___ COLLECTED MATERIAL ___

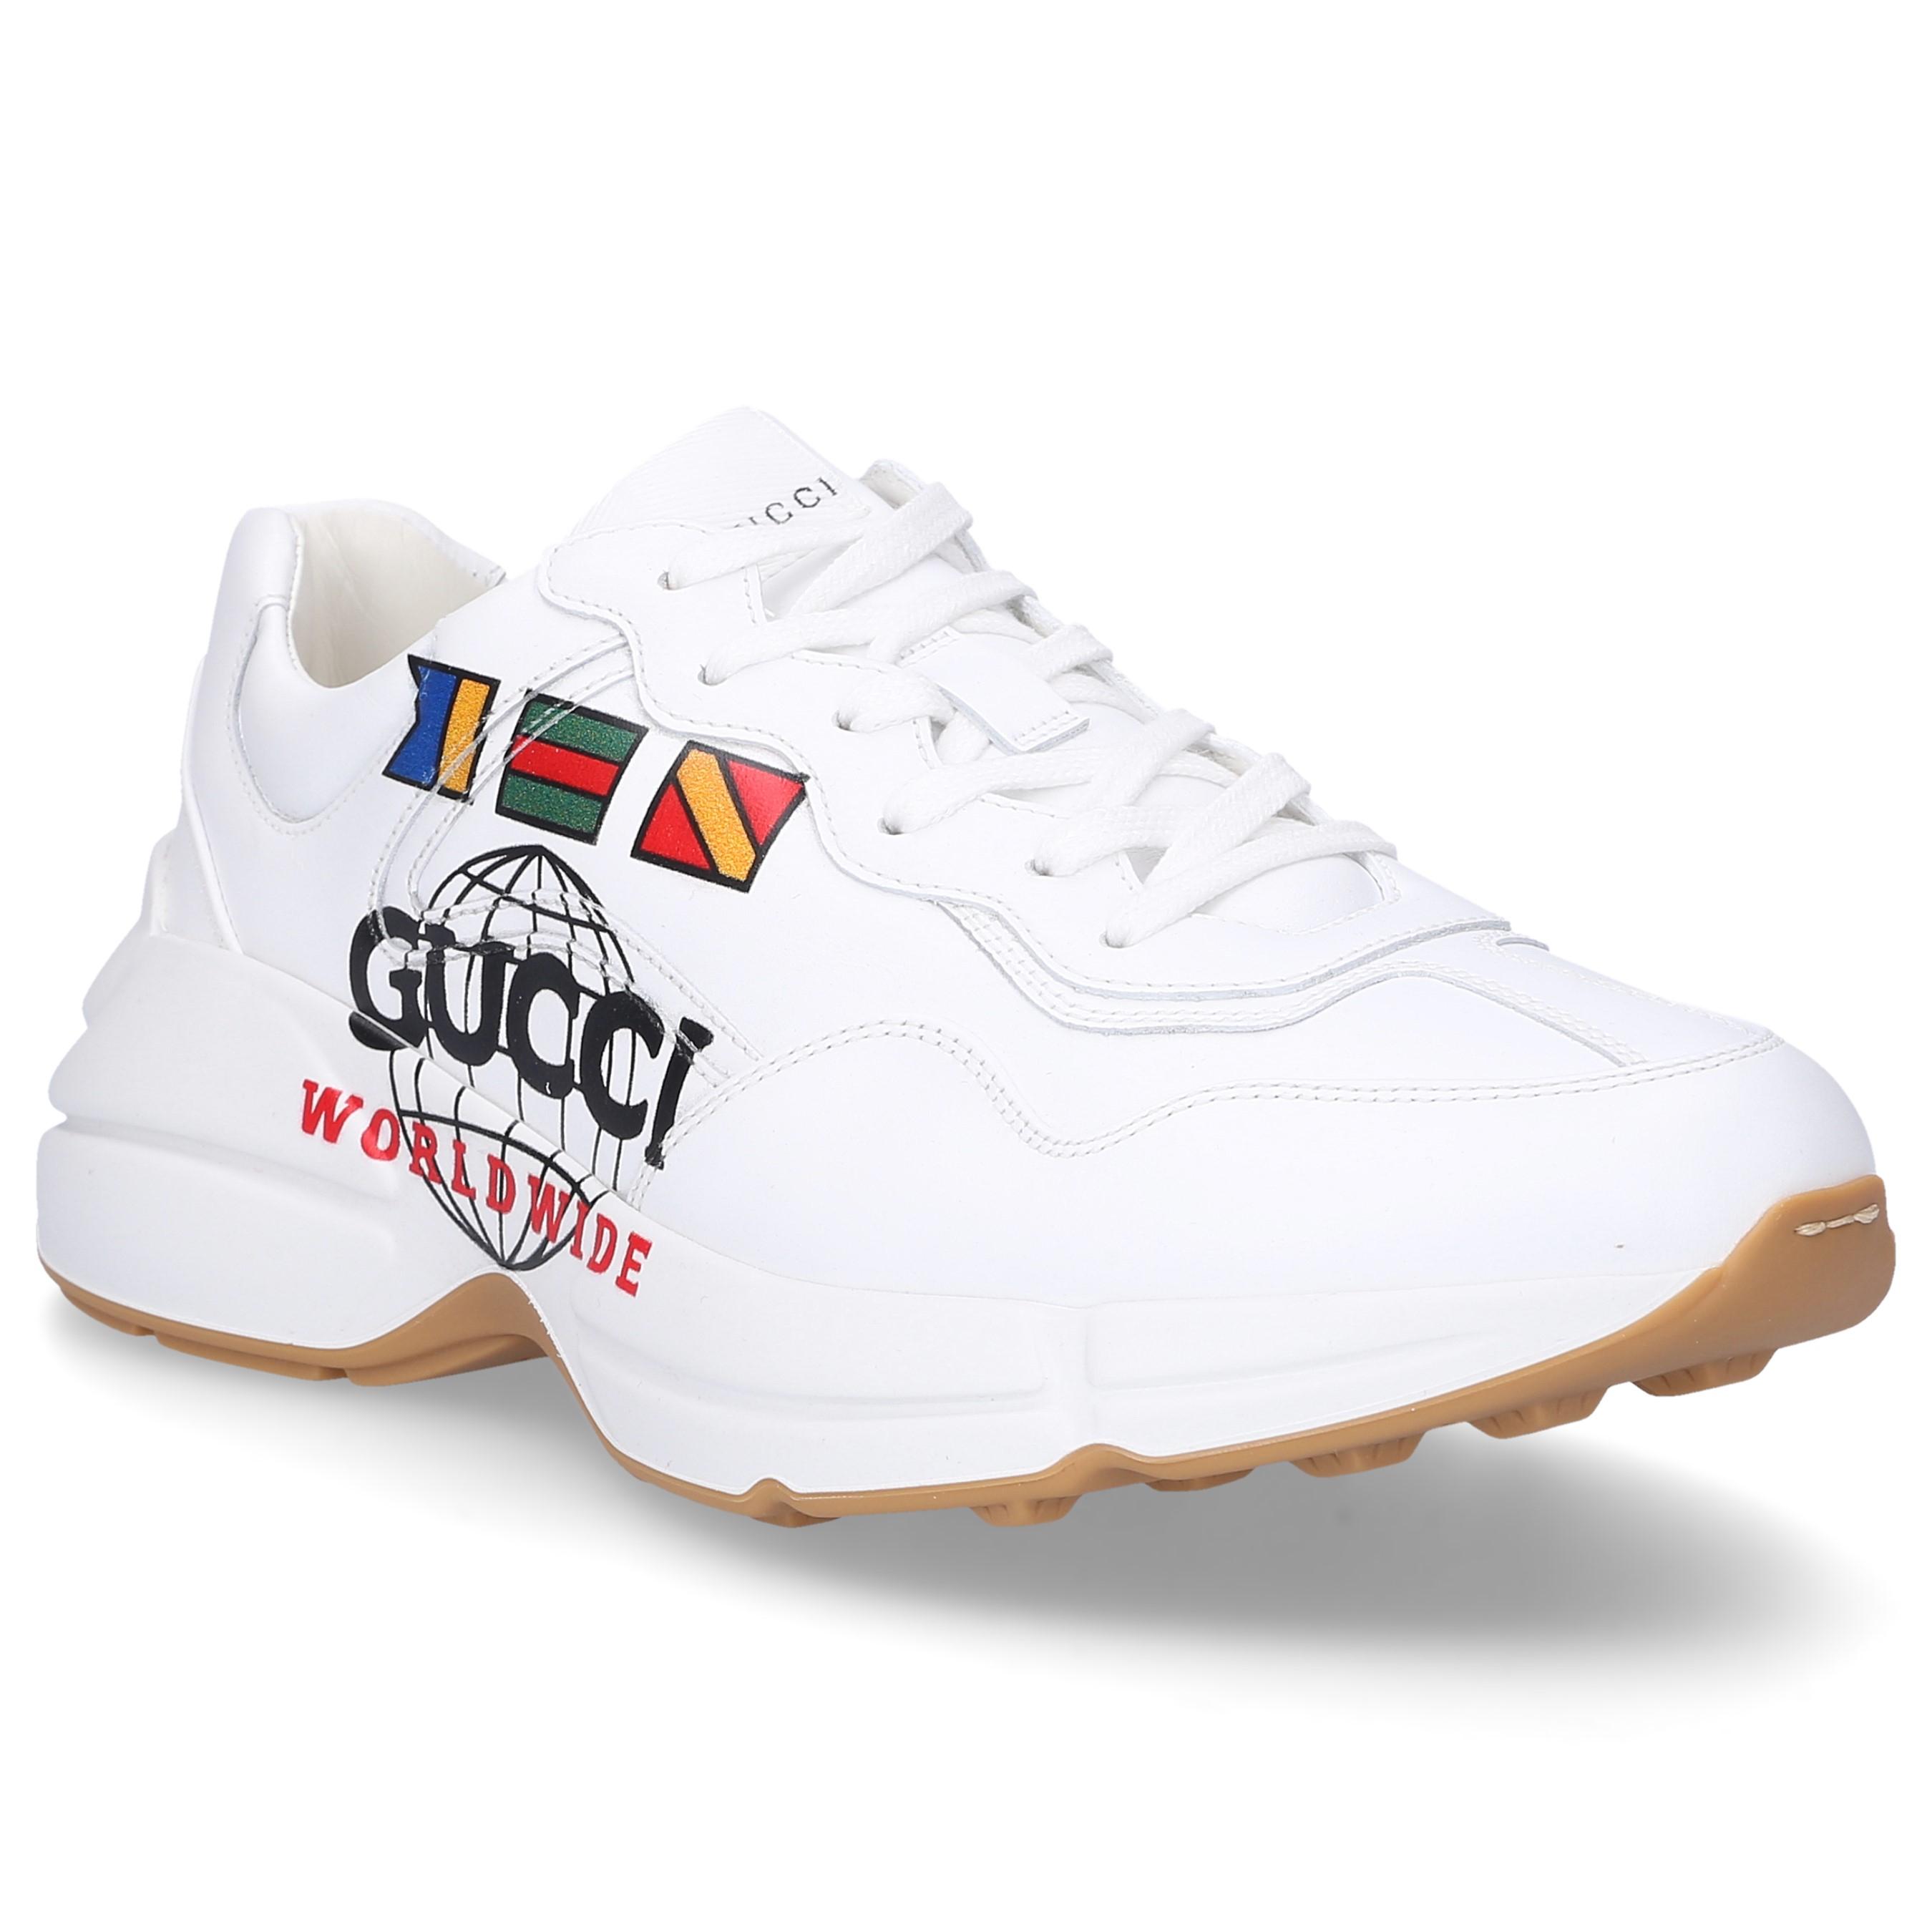 Gucci Leather Sneakers White Rhyton for Men - Lyst
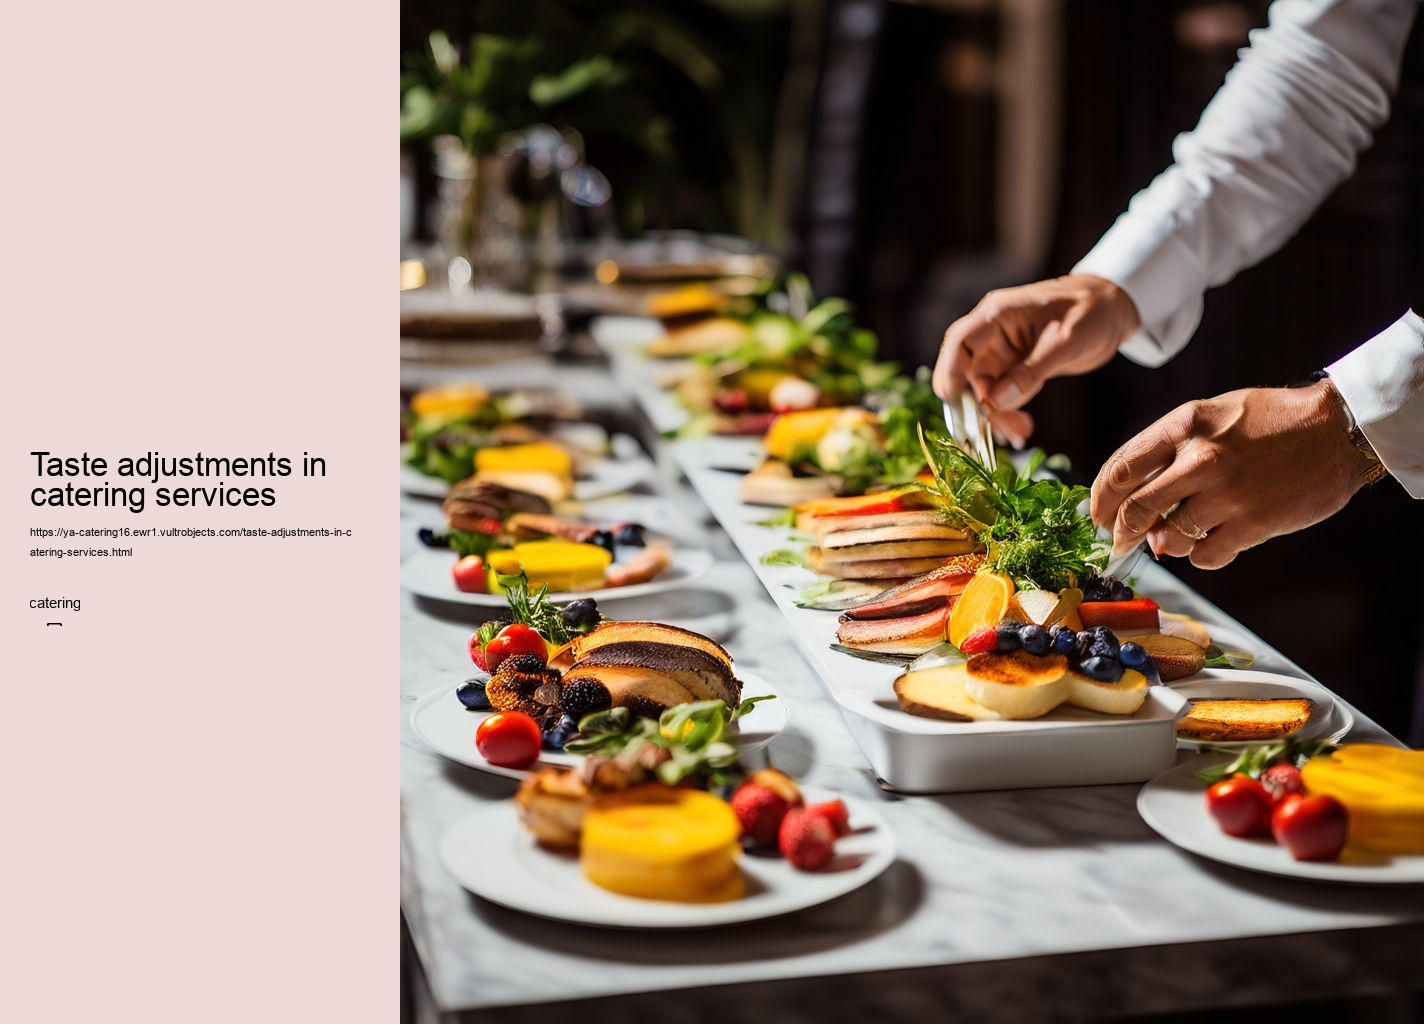 Taste adjustments in catering services
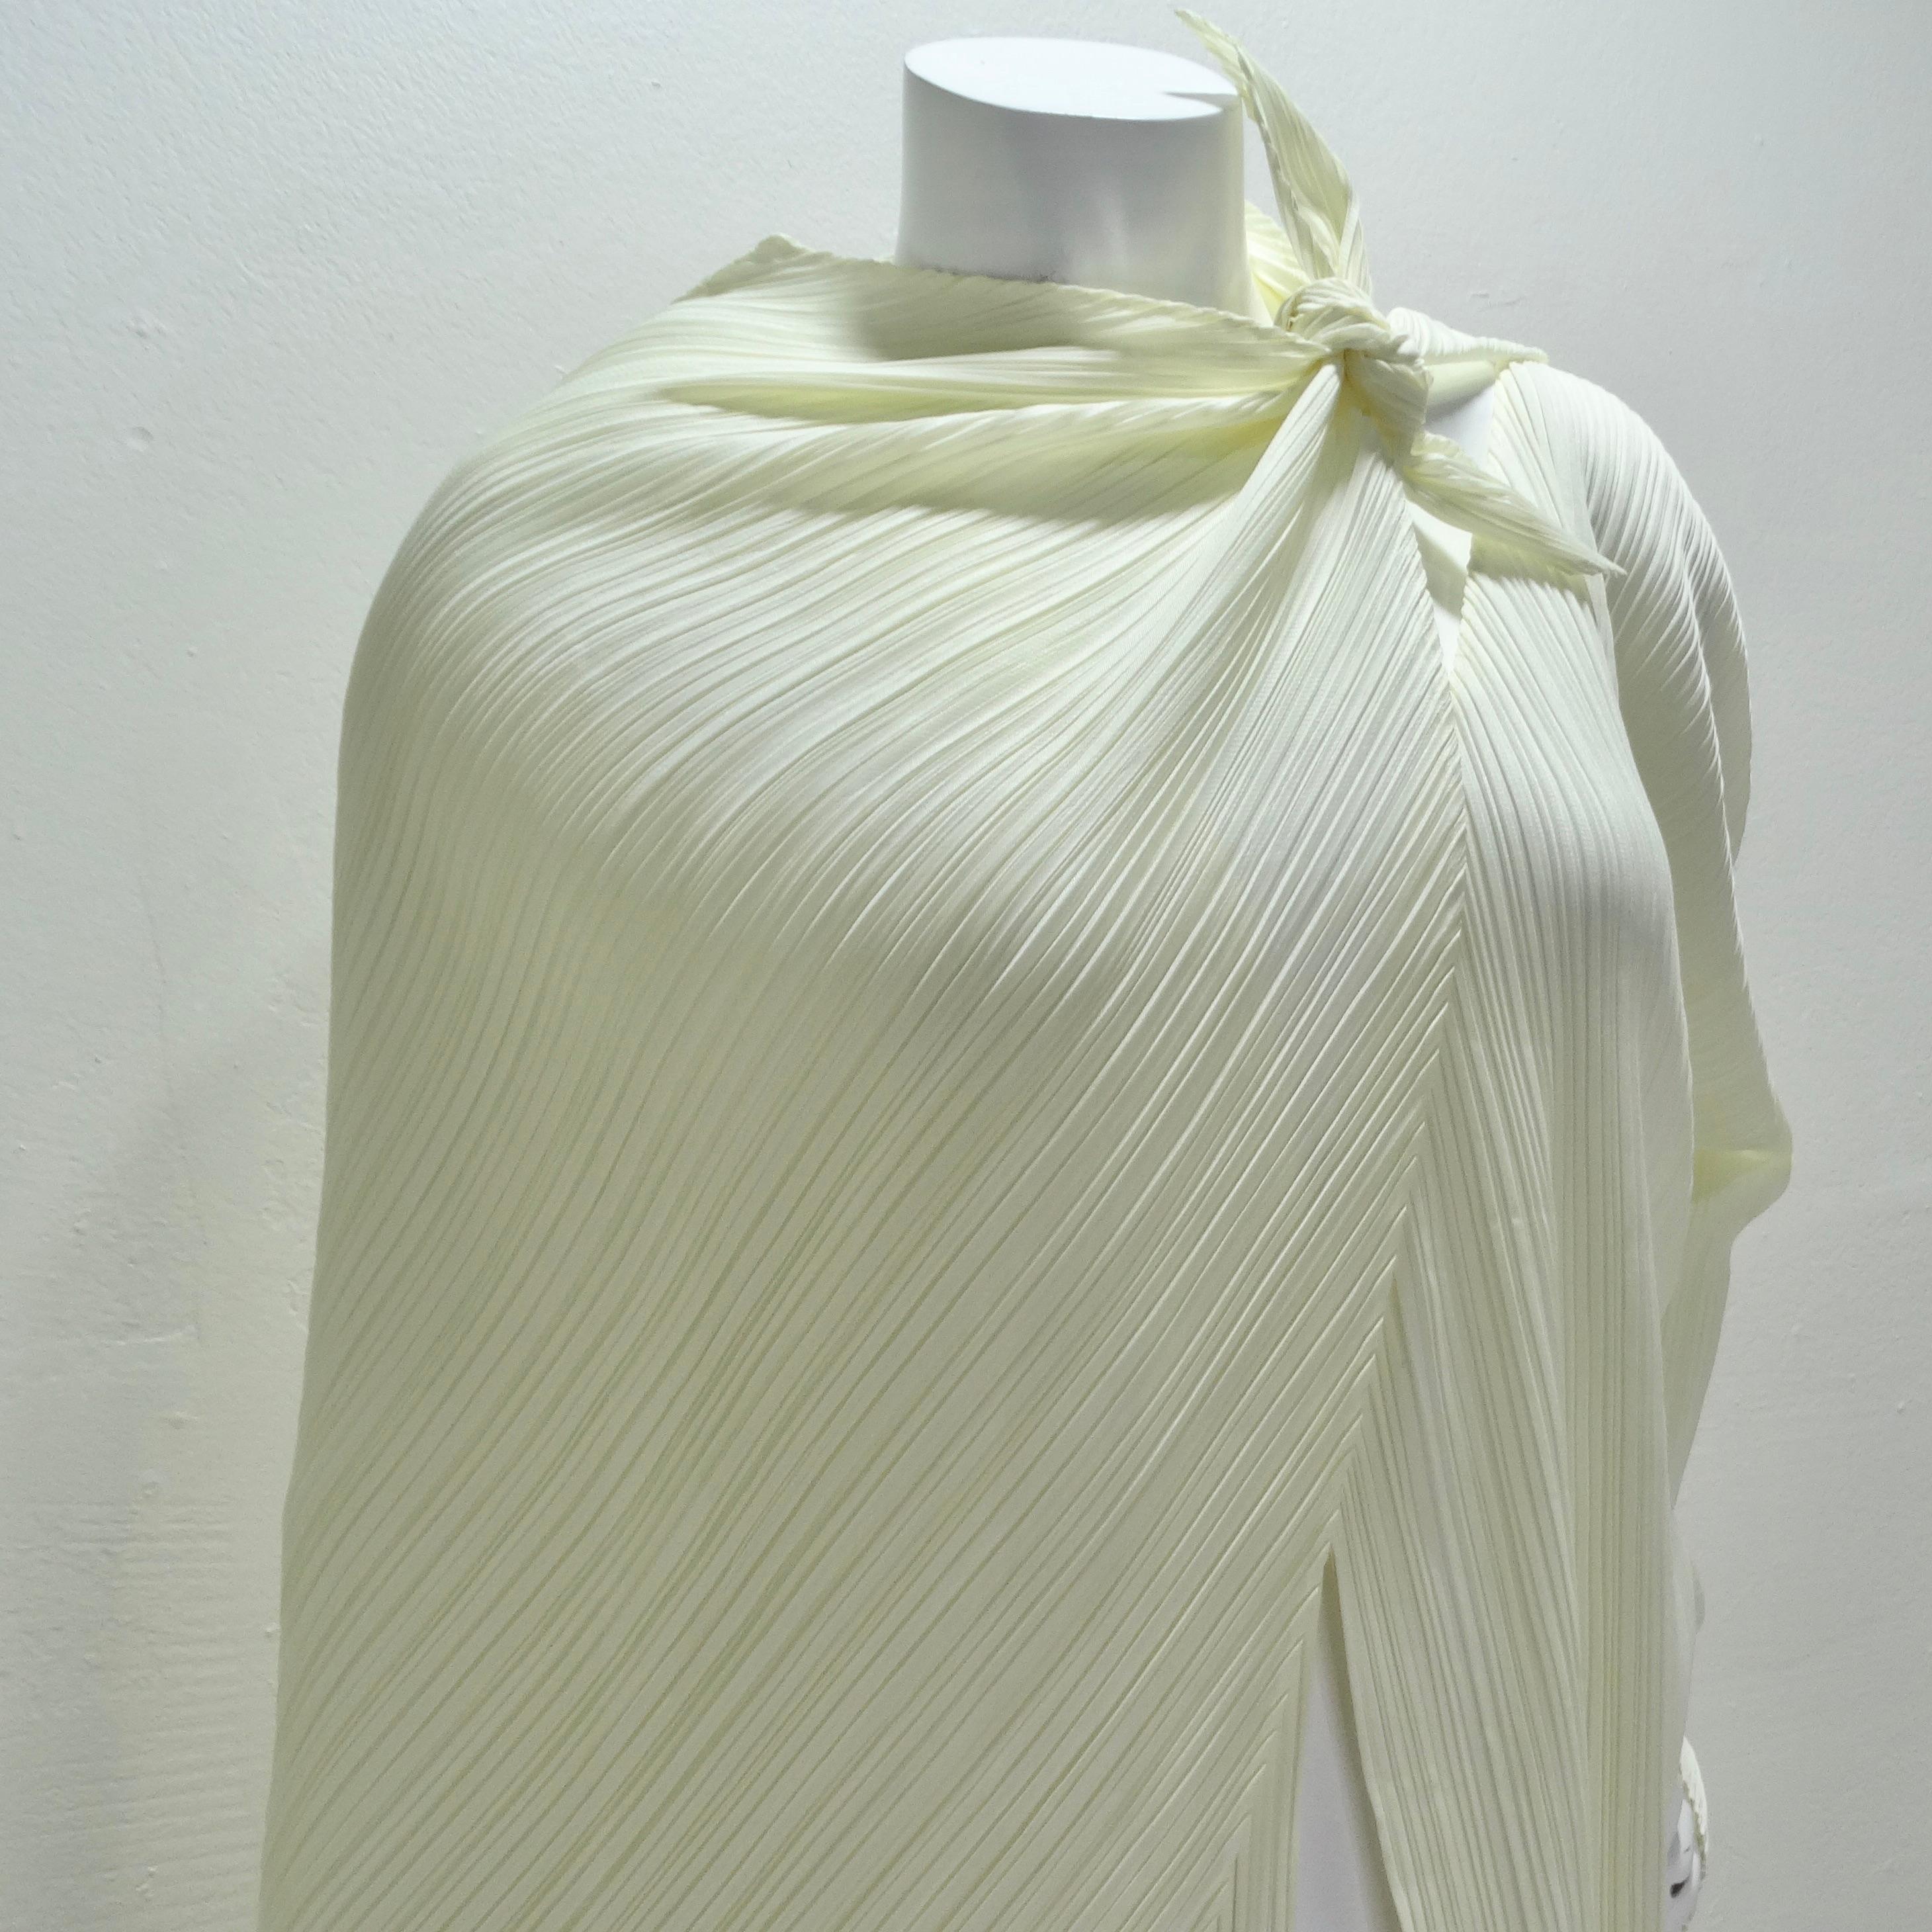 Step into the world of iconic fashion with the Issey Miyake Pleats Please cardigan and shawl set from the 1990s. Crafted in a mesmerizing off-white hue, this set showcases Issey Miyake's signature pleated fabric that gracefully molds to the wearer's

___

### EXERCISE AIM:
For this exercise, write out the listing verbatim and leave every image out.

### COMPLETED TASK:
 Gucci Leather Sneakers White Rhyton for Men - Lyst
 Taste adjustments in catering services
 Step into the world of iconic fashion with the Issey Miyake Pleats Please cardigan and shawl set from the 1990s. Crafted in a mesmerizing off-white hue, this set showcases Issey Miyake's signature pleated fabric that gracefully molds to the wearer's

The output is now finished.